Which finally brings me to Royden's Real Analysis. With the possible exception of Rudin's Real and Complex Analysis, this may be the single most assigned text for the all-important graduate real analysis course. And frankly, I have no idea how anyone can learn real analysis from this thing. The one thing that strikes you most about it is that Royden seems to shunt the most difficult results to the execises. In each section, he gives a couple of careful definitions, a few theorems and lemmas, and then the problem sets are practically small research assignments! The most egregious example I found is this: He proves the additivity of measures in pedantic detail, but leaves the Tychonoff Theorem on product spaces as an exercise.

There are also some strange comments in the book that don't quite make sense:For example, he defines a function in the the introductory chapter as a rule between sets; in a footnote, he gives the Cartesian product definition of function and criticizes it as having problems in certain cases, such as the identity function, since it is not a true subset of a Cartesian product. Say what?

Scholars are sadly no more enlightened then the rest of human society — which is probably why after four decades and the death of its author, this book keeps selling, even at such an outrageous price. It is used as a test and a filter for graduate students. This is sad, since there are so many superior texts on this beautiful and critical subject — Angus Taylor's masterwork, General Theory of Funcitons and Integration (in Dover paperback,no less!), Hienz Baur's very modern and probability geared Measure and Integration, the old fashioned but wonderfully clear presentation in R. Wheeden and A. Zygmund's classic Measure and Integral, for example. More recently, Stein and Shakarchi have produced a beautiful — and much less expensive — Real Analysis text in the Princeton Lectures in Analysis series.
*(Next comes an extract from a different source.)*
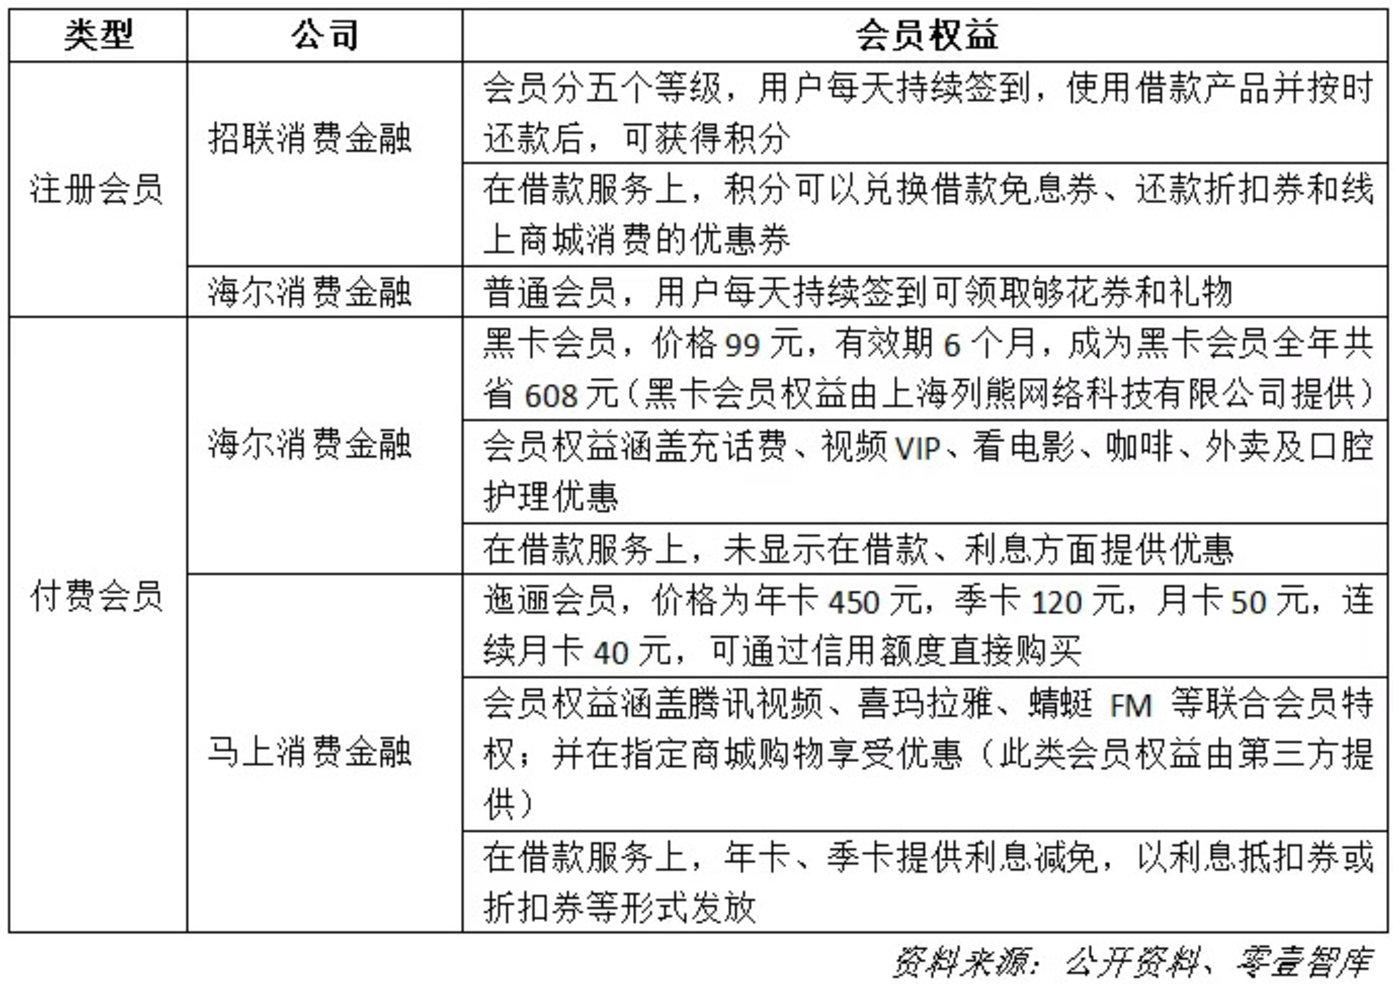 www.pj550066.com 贵人鸟遭质疑虚增收入:应收账款占比畸高 上演关店潮

[Andrew Locascio is currently a graduate student at Queens College Of The City University Of New York.]

akirak's picture

I used Royden for an advanced undergraduate course in Lebesgue integration, and found it quite useful. Yes, it belongs to a tradition of concise and no-nonsense texts that can be quite intimidating to the student. On the other hand, when they are done right, such texts reward the effort that needs to be put into reading them.

However, I agree completely with the two main points of the review above: one shouldn't adopt a text simply because one used it in graduate school or because it is well-known, and the prices on many of these classic texts have become ridiculously high. In the case of measure theory and Lp spaces, I agree that Stein and Shakarchi have provided something special in their Princeton Lectures series and I too would encourage people to look around to see if there isn't a text that is better - both mathematically and pedagogically - than the old standard.